Described dynamic pressure electric pulse two field control sintering furnace also comprises magnetic grid linear movement measuring system, described magnetic grid linear movement measuring system comprises magnetic head, magnetic grid linear movement pick-up and displacement display, described magnetic head gathers axial displacement signal on the pressure spot of described seaming chuck electrode, the axial displacement signal of acquisition is transferred to described magnetic grid linear movement pick-up, and the axial displacement data collected are delivered to institute's displacement display and show in real time by described magnetic grid linear movement pick-up.

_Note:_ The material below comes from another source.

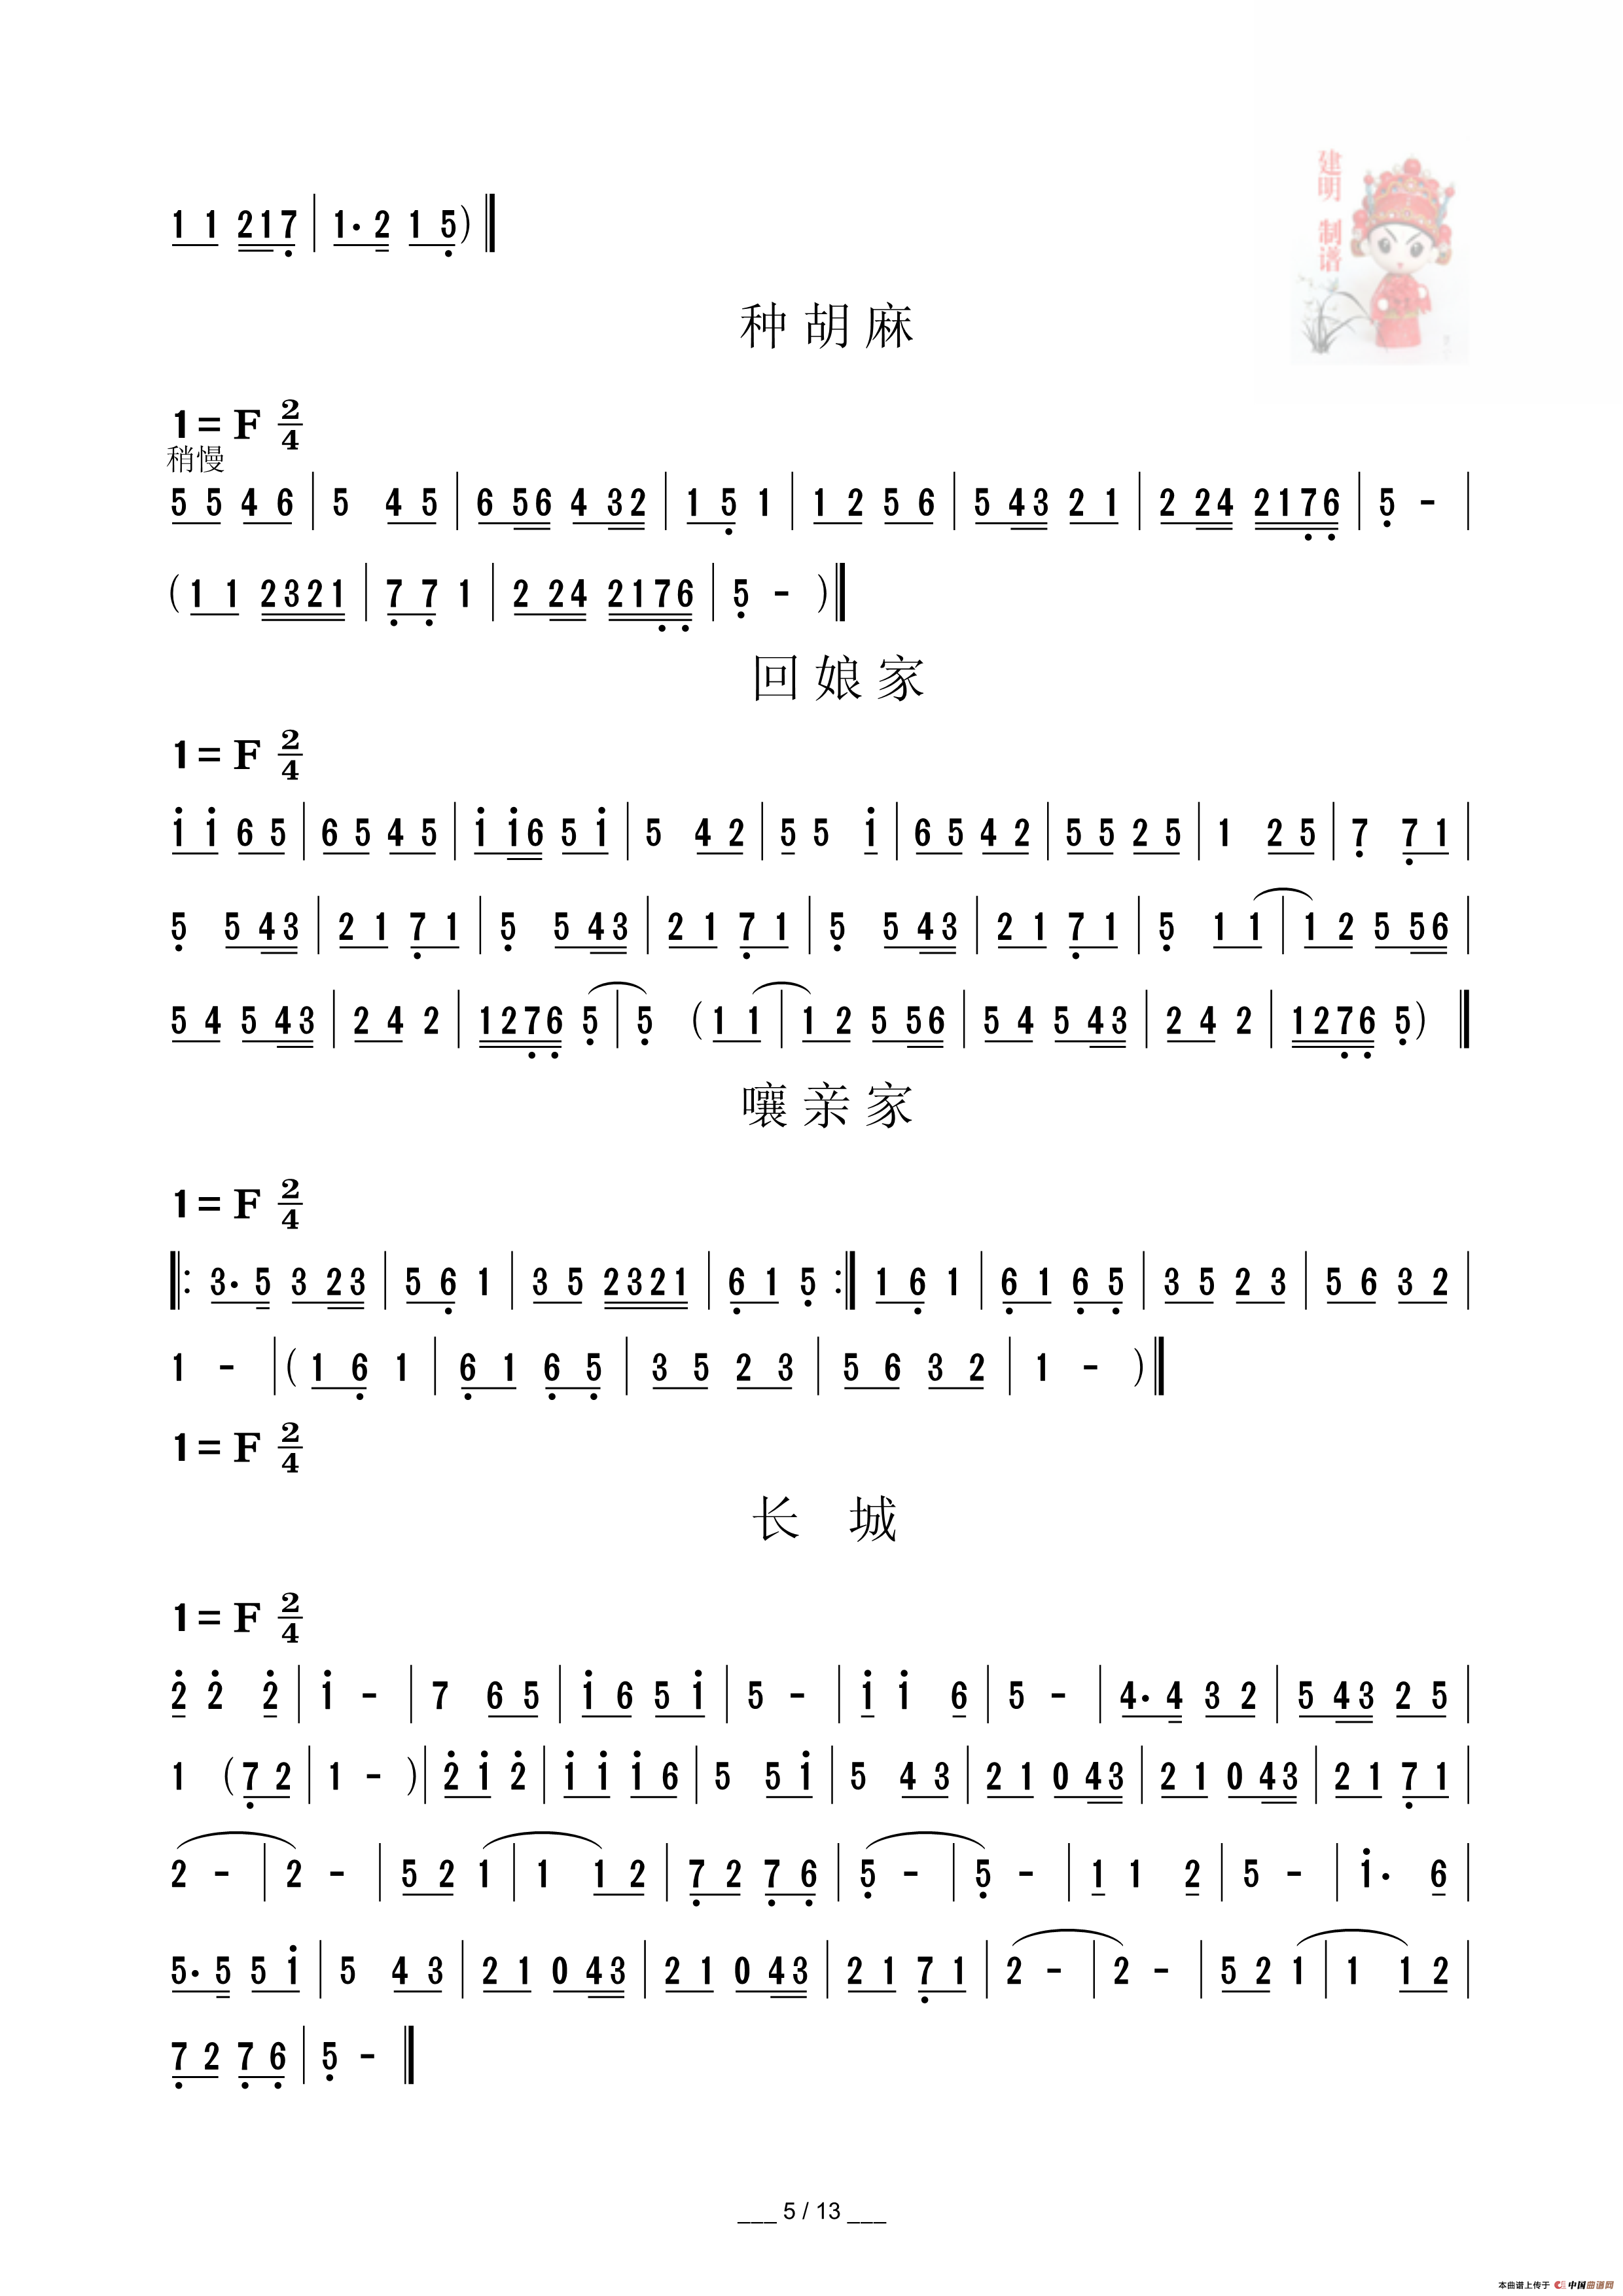 民勤小曲曲调(1)_民勤小曲曲调_Page5.png

Described dynamic pressure electric pulse two field control sintering furnace also comprises vacuum-control(led) system, described body of heater connects described sintering controller through described vacuum-control(led) system, vacuum control signal is sent to described vacuum-control(led) system by described sintering controller, and described vacuum-control(led) system regulates the vacuum in described body of heater according to the vacuum control signal received; Described vacuum-control(led) system comprises mechanical pump, lobe pump, pressure vacuum gauge and magnetic valve.

Described mould adopts carbon/carbon compound material.

The dynamic pressure magnitude range that described dynamic pressure control module produces is 0 ~ 5MPa, and adjustable frequency scope is 0 ~ 3Hz.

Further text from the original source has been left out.